Исходя из вышеизложенного можно было бы предположить, что светлейший Арифин и господин Церинген как два торговца быстро оставят все высокопарные бредни насчет «духовного самоусовершенствования» и «очистительных бдений» и перейдут на нормальный деловой язык торгашей. Ничуть не бывало! Ибо, как говорится, и па старуху бывает поруха: господин Церинген поверил.

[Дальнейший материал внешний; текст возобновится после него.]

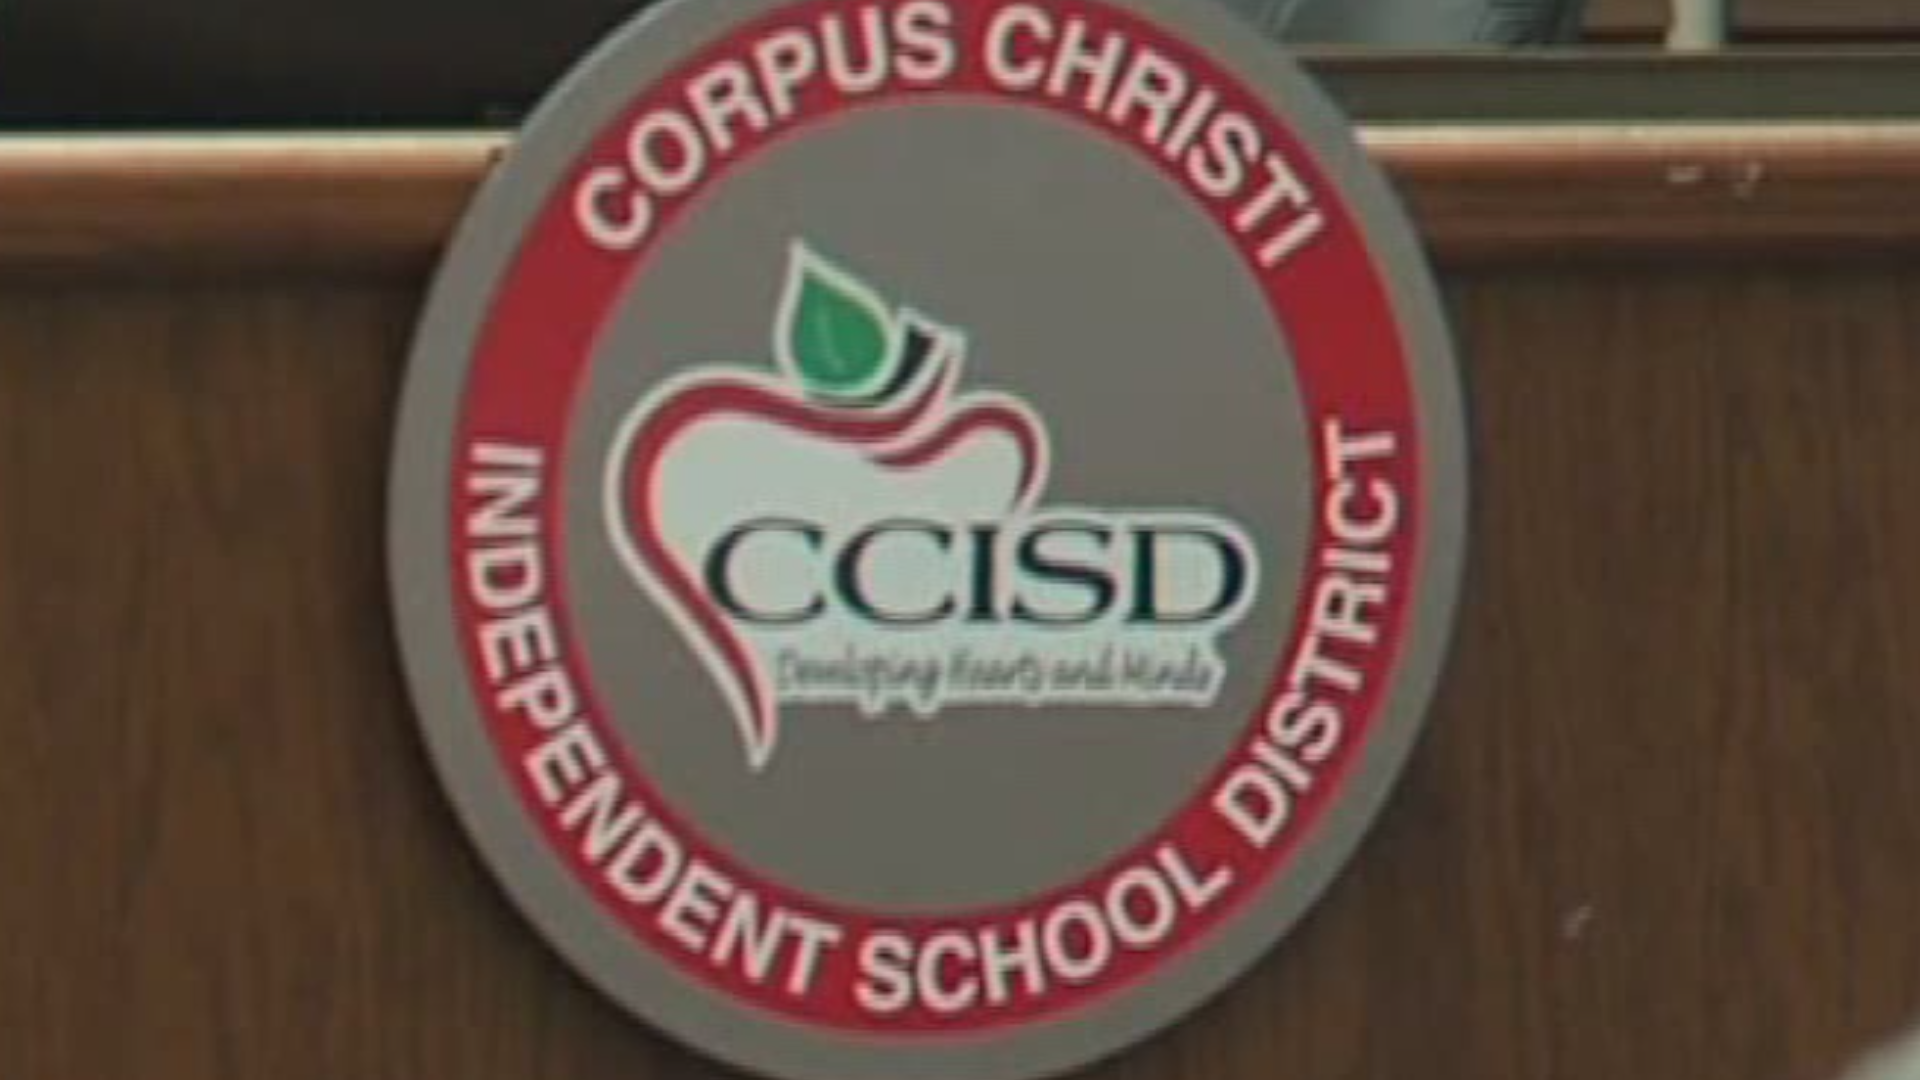 Corpus Christi ISD 2022 2023 school calendar kiiitv com
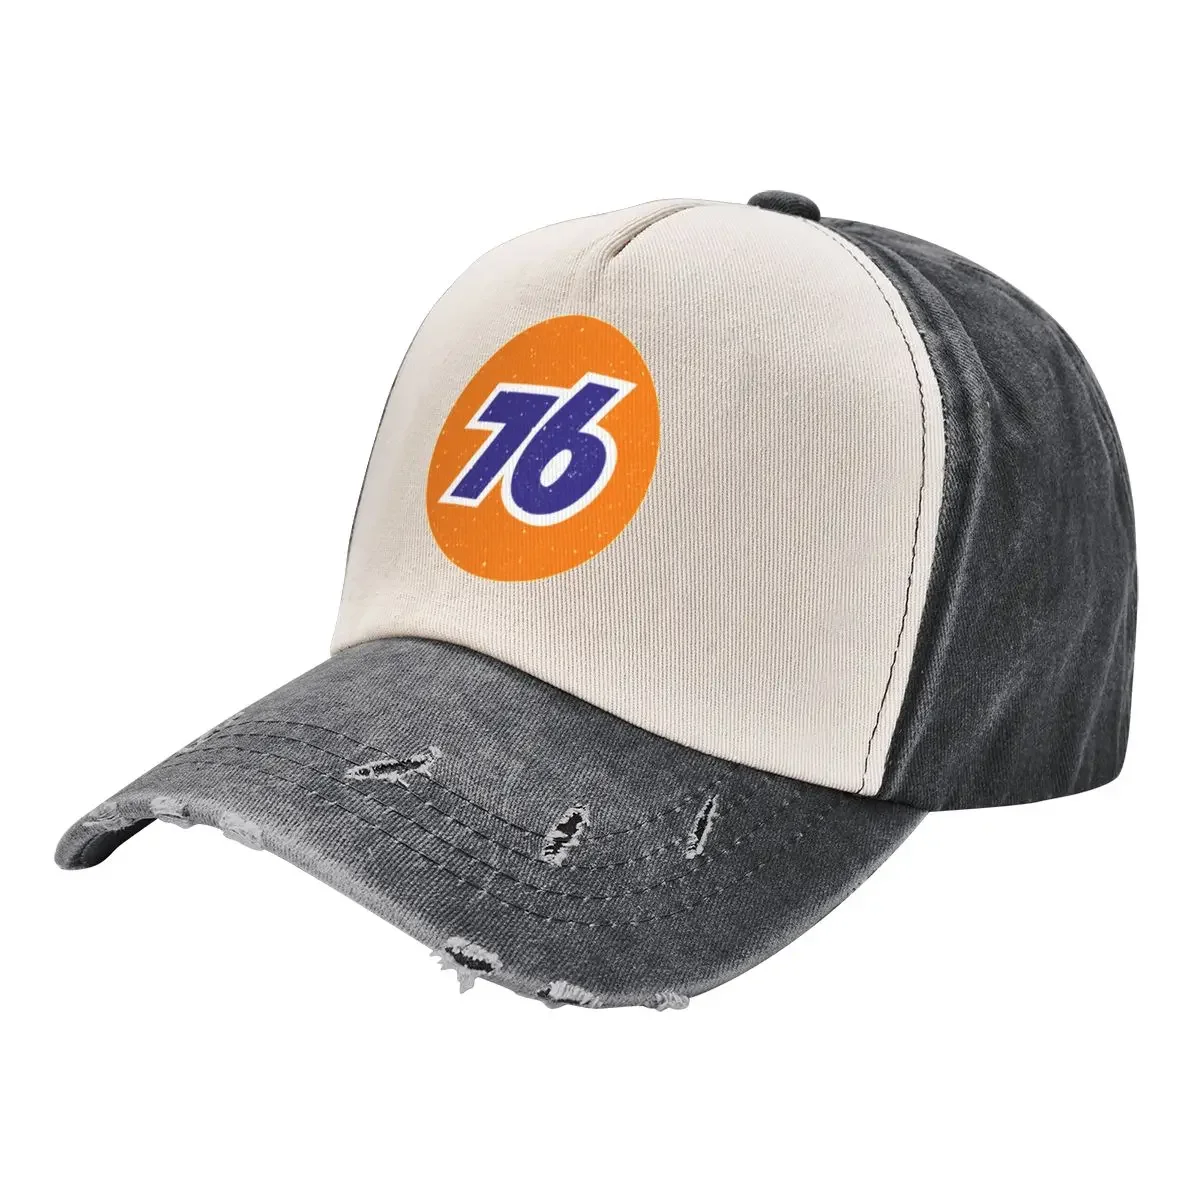 

Union 76 Retro Baseball Cap Luxury Cap tea Hat Hat Beach Beach Bag Men's Caps Women's

Или почти поверил, что совершенно не меняет дела. Он с превеликой охотой выслушивал проповеди и поучения, какие надлежит выслушивать всякому неофиту Ордена, а кое-что даже велел записать для себя на красивой шелковой ткани, для чего нанял особого каллиграфа.
Каллиграфа предоставило «Свободное Сообщество Каллиграфов», которое занималось двумя родами деятельности: открытой и тайной. Открытая представляла собою обычную переписку деловых и личных бумаг, а также приведение в порядок архивов знатных семейств, где имелись не только генеалогические записи и документы о потере и приобретении имущества, но и личные письма, повести о выдающихся представителях рода и прочие документы.
Тайная же деятельность управлялась неким Ватаром, личностью в принципе малопримечательной (он считался рядовым каллиграфом). Этот Ватар состоял в Тайном Ордене Павлина в должности Недреманного Ока второй степени и занимался покупкой и обучением рабов, как правило, детей. Их он покупал на самых обычных невольничьих рынках, так что судьбой попавших к нему в руки рабов никто не интересовался — ни власти, ни какие-нибудь случайные знакомые, поскольку все совершалось исключительно по закону.
В доме Ватара их посвящали в Орден и обучали грамоте, различным языкам и красивому письму. Кроме того, они занимались шпионажем в пользу Ордена, который, оправдывая свое название, имел свое око практически в каждом из богатых домов Хоарезма.
Каллиграф, составлявший рукопись поучений для господина Церингена, каждый вечер докладывал Ватару: «Торговец шелками очень увлечен идеями Ордена… Кажется, он всецело предан Ордену… Заучивает наизусть афоризмы, высказывания и надлежащие цитаты из речений основоположников… Мечтает принять участие в медитации! направленной на самопознание и самоочищение…»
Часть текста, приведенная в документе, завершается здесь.